The overriding desire to put a torch to the old RMA has driven the drafting of one major piece of legislation, the Natural and Built Environments Act (NBA), and two more minor pieces in the Spatial Planning Act (SPA) and the Climate Adaptation Act (CAA). The Government aims to pass both pieces of legislation into law by the election next year.
Environment Minister David Parker says the new rules will cut costs by almost $150 million a year and shorten the time to get building consents.
While still a draft, the system is already described as incredibly complex and will require a transition of roughly 10 years, meaning the RMA will live on while different regions transition to the new system.

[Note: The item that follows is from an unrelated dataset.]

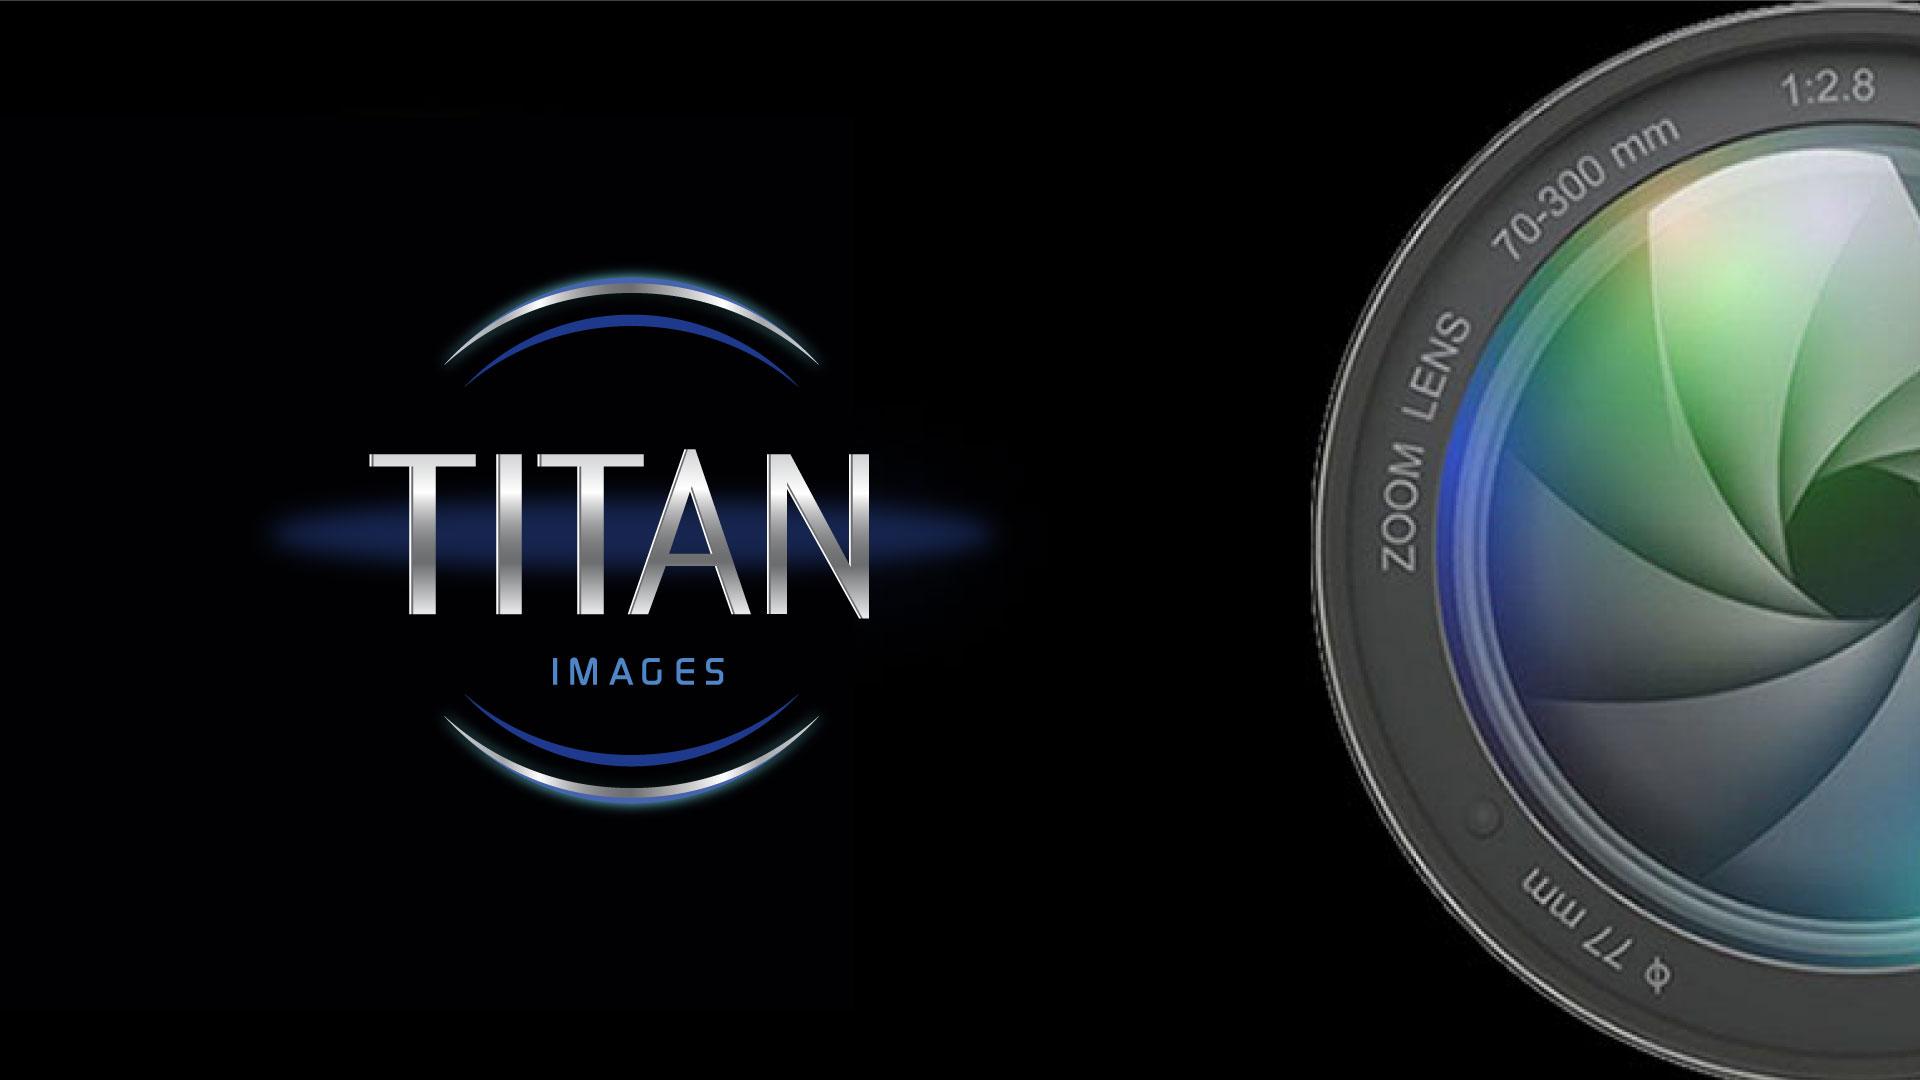 titan-brand-logo-design-by-mapleweb-vancouver-canada-camera-lens-mock
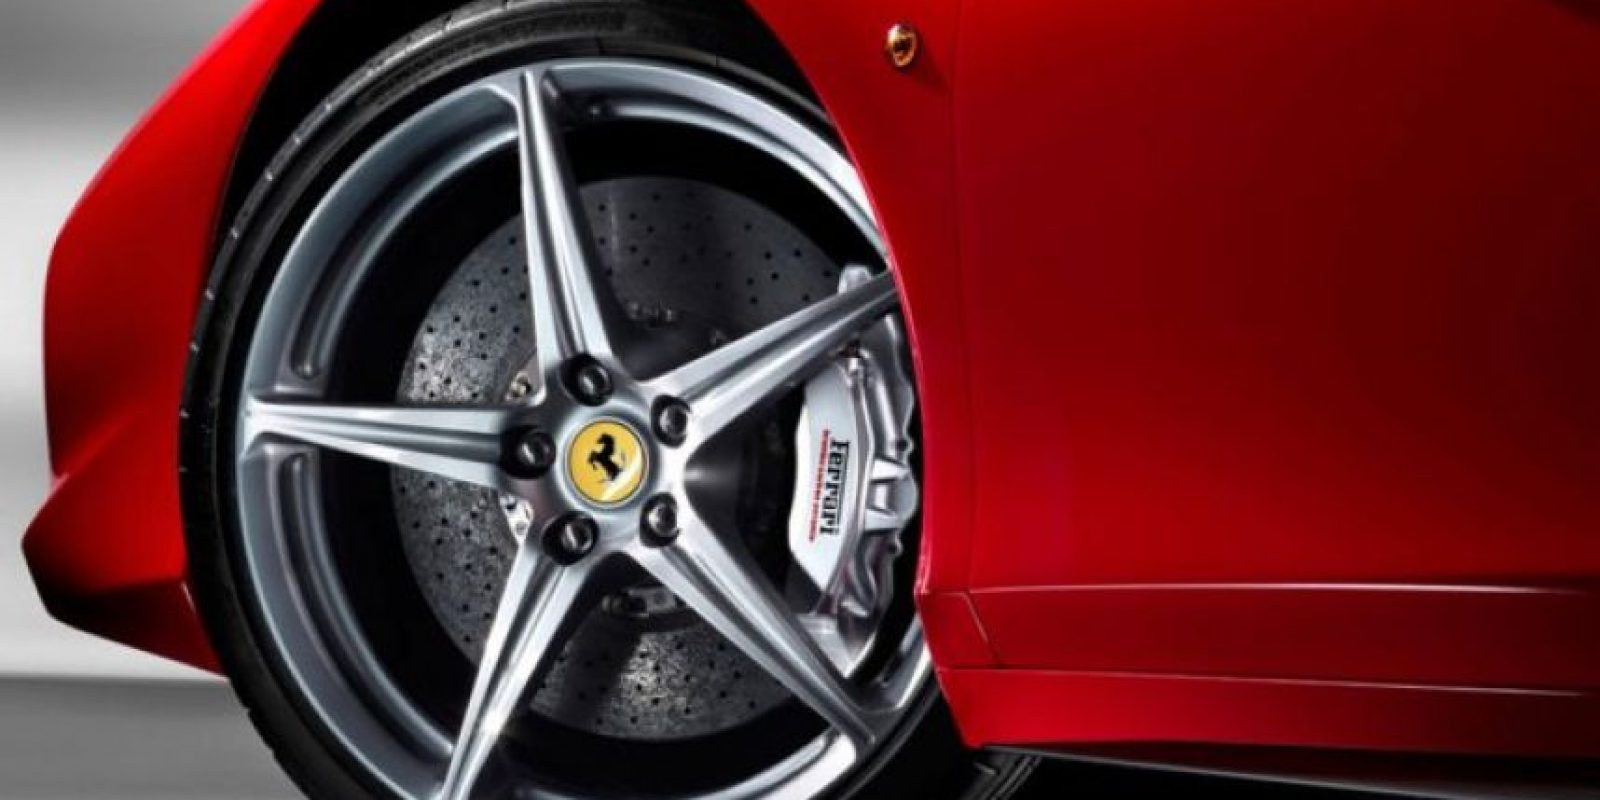 Este lujoso vehículo alcanza velocidades de 325 km/h. Foto:ferrari.com

Another aspect still in the wings is the “national planning framework”, a government-level directive of nationwide objectives. This a document even those welcoming the changes admit will be “contentious”. Under this document will be 15 regional plans where area-specific differences and priorities can be recognised.
So now, in the place of the derided, diluted and disempowered RMA, we will have these three pieces of legislation, informed by an overarching national planning framework, with some exemptions written into regional plans.
One key outcome is the removal of about 100 regional and district plans currently administered and regularly reviewed by territorial local authorities (TLAs). It is another move away from community voice towards centralisation and it is a little surprising to hear no one talking about that. Perhaps the TLAs have also had enough of the RMA to the point of wanting to be rid of it as well.
This time celebrations about vision and circuit-breaking are muted, and most likely, justifiably. The new regime may arrive faster and leaner but bureaucracy loves a fresh desk. Lawyers love a precedent.
Political consensus held that the RMA was a bust but there is no reason to believe the antithetical ambitions of developers and environmentalists will find common ground in the new regime.